Annette, I am not describing contracts made between physicians and patients regarding their treatment. What I am calling a turkey file (a term used only in the northeast?) is a file of index cards kept hidden at the ED desk. Each card contains a patients name and a very brief chronology of that patient's visits to the ED, e.g.

12/08/01 back pain demerol 125 IM, Percocet #5
02/10/02 back pain Toradol 60 IM, left AMA
03/15/04 shoulder pain morphine 2 mg, did not f/u

Patients have no idea that such a file exists.

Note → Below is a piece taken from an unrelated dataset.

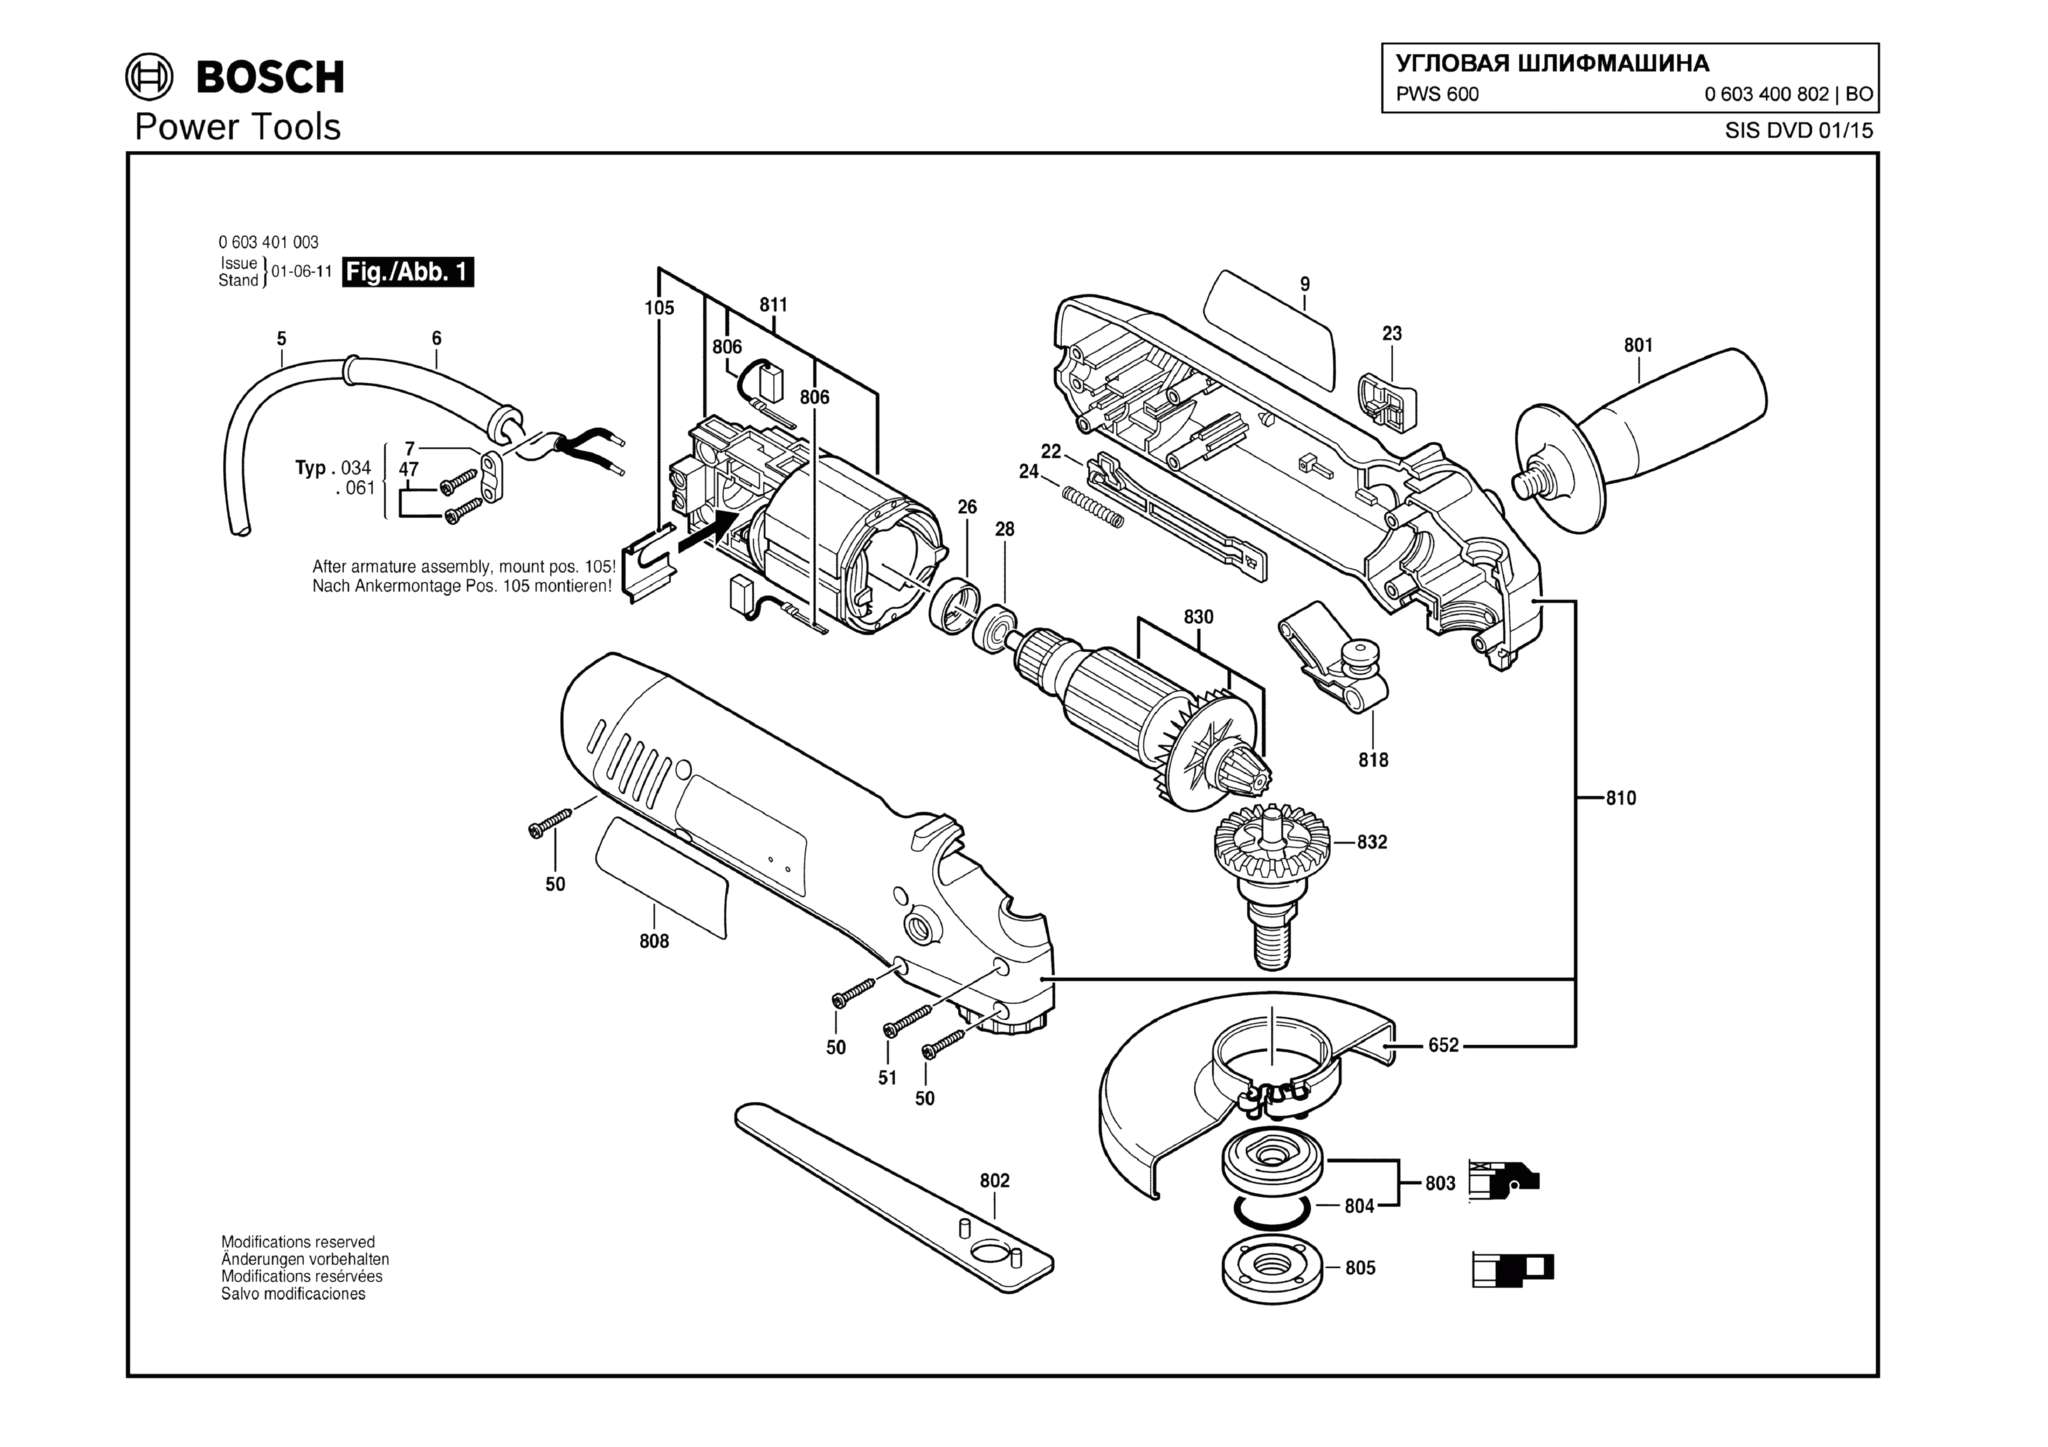 Запчасти, схема и деталировка Bosch PWS 600 (ТИП 0603400802)

The physicians in my ED have varied approaches to using the file. Some will pore over the file, looking for psuedonyms, relatives, and friends of the patient. Others do not even check the file, stating that such information will not affect managment.

I am a paramedic now, working in a 30k visit/year ED, as well as on the ambulance. In many areas of medicine, I feel I have an idea of how I would procede if/when I become a physician. Treating the suspected "drug-seeker" is not one of those areas! I am interested in all thoughts on this matter.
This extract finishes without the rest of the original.